Friday, May 23, 2014

The Lonely Walk

DOUBLE-LENGTH ARTICLE

Last Saturday was, to date, the hottest day of the year. My nine-year-old son and I ventured out after breakfast to a sprawling local park, where the annual end-of-season junior football tournament was about to take place. Stretching across the vast green expanse were a dozen half-size pitches, alongside which stood marquees, gazebos and ad hoc food outlets. Excitable youngsters of all ages, and wearing every colour of kit imaginable, warmed themselves up in preparation for their festival in the sun.

My son and his six teammates, decked out in their usual bright yellow and blue – they have been together for three years now – accumulated in the goalmouth of Pitch 1, in readiness for their first match, scheduled for 10 a.m. The format was simple: each team had been placed in a group of six. The best placed, after completing five short matches, would qualify for the knockout stages (quarter-finals, semi-finals and final) in the afternoon.

They began brightly (Figure 74.1), and played with the fluency and relentless work-rate by which they had secured the local league and cup double during the previous fortnight. When the final whistle blew, we (parents) instructed them to come straight out of the sun, relax and drink cold juice in the shade of a thick tree canopy, underneath which we had set up camp. Unlike most of the other teams, we – owing to holidays – did not have the luxury of substitutes. Each boy would have to play every minute of every match, in 20-25°C temperatures, and try to ignore any cuts and pains that happened along the way.


Figure 74.1: The day’s tournament kicks off ...
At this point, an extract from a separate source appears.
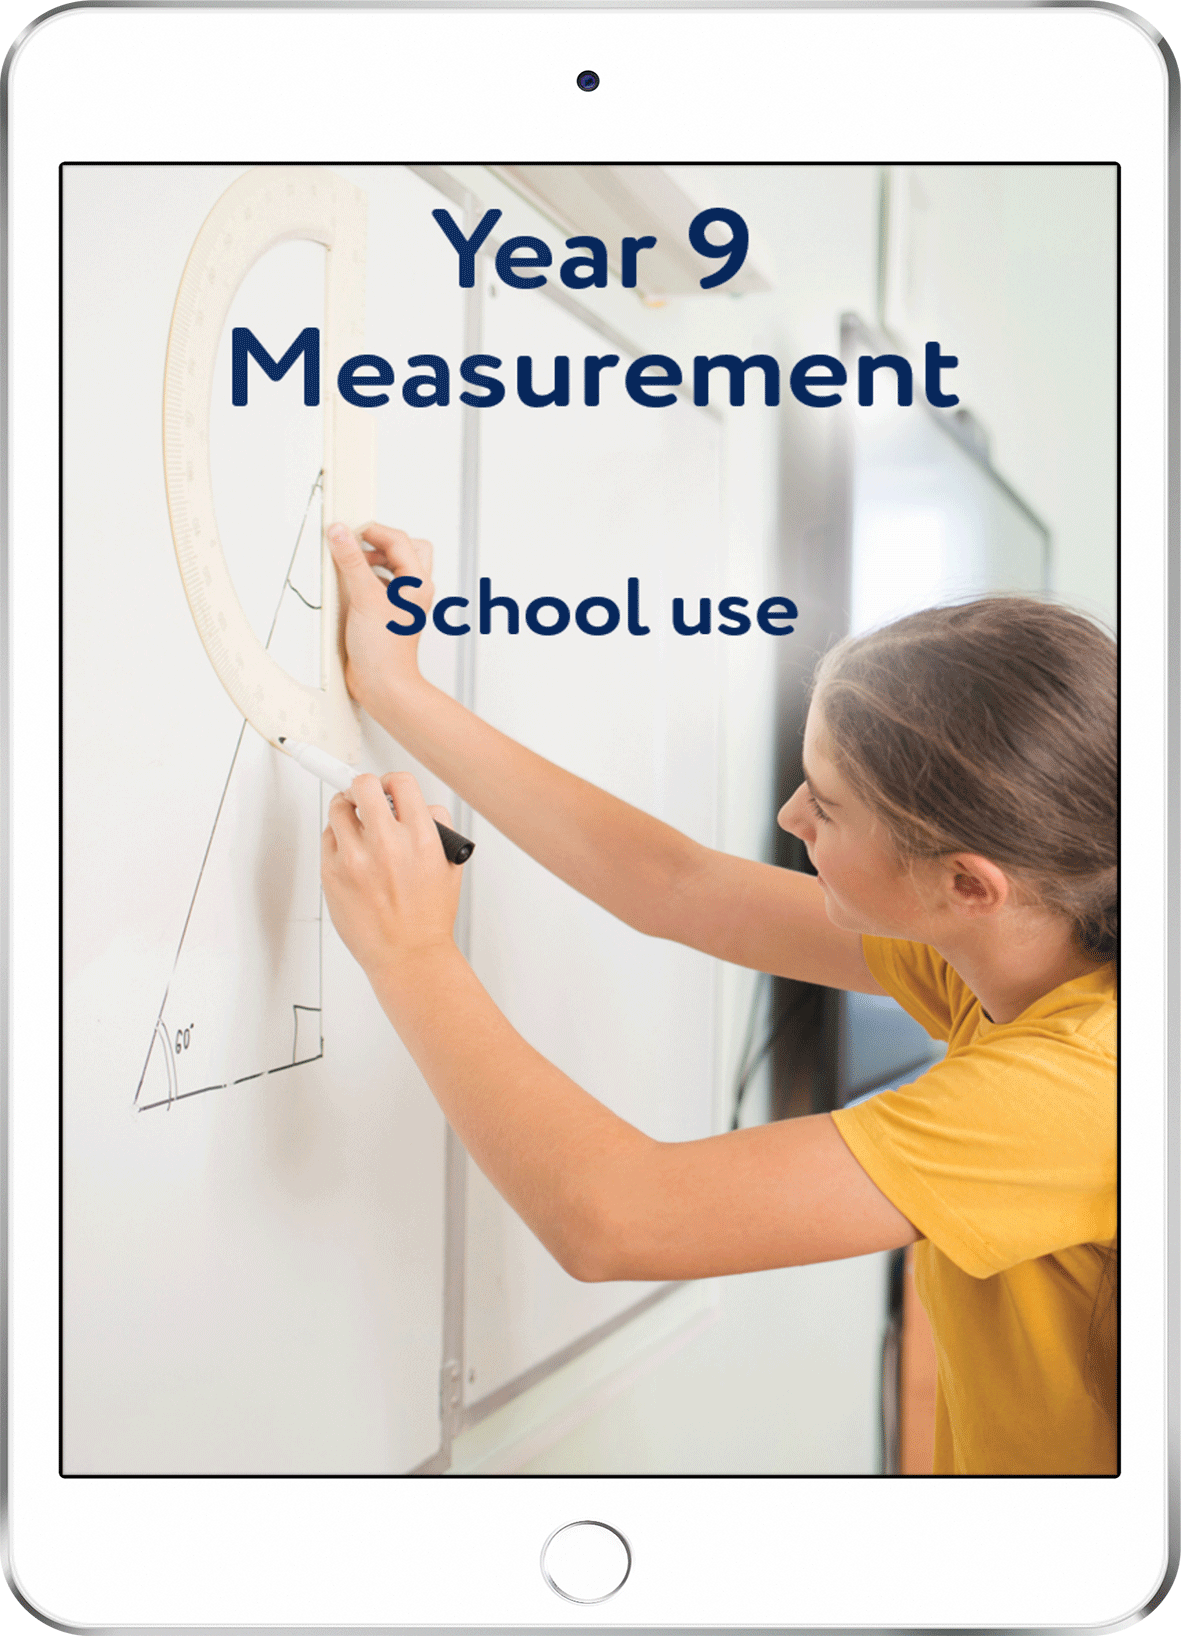 Year 9 Measurement - School Use

Copyright © 2014 Paul Spradbery

Undefeated in the five group matches, they collapsed in the shade, ate lunch, and enjoyed the usual banter with their ever-loyal ‘old men’ and a relaxing break before the knockout rounds.

The quarter-final, beginning at 2:30 p.m., went to extra time. Legs and lungs were visibly tiring, before one sweet strike from distance won them a semi-final place. Without needing any encouragement, the boys returned straight to camp. Legs were massaged, cold water was poured over heads, and litres of fluid were hastily guzzled by seven small warriors who were never going to give up.

At 3:30, back out they went, for the semi-final. The first half was goalless, partly the fault of my own son who missed a relatively easy chance, the likes of which he would usually convert without stopping to think. He made up for his miss, though, scoring two late goals and giving his mates a boost in readiness for the final.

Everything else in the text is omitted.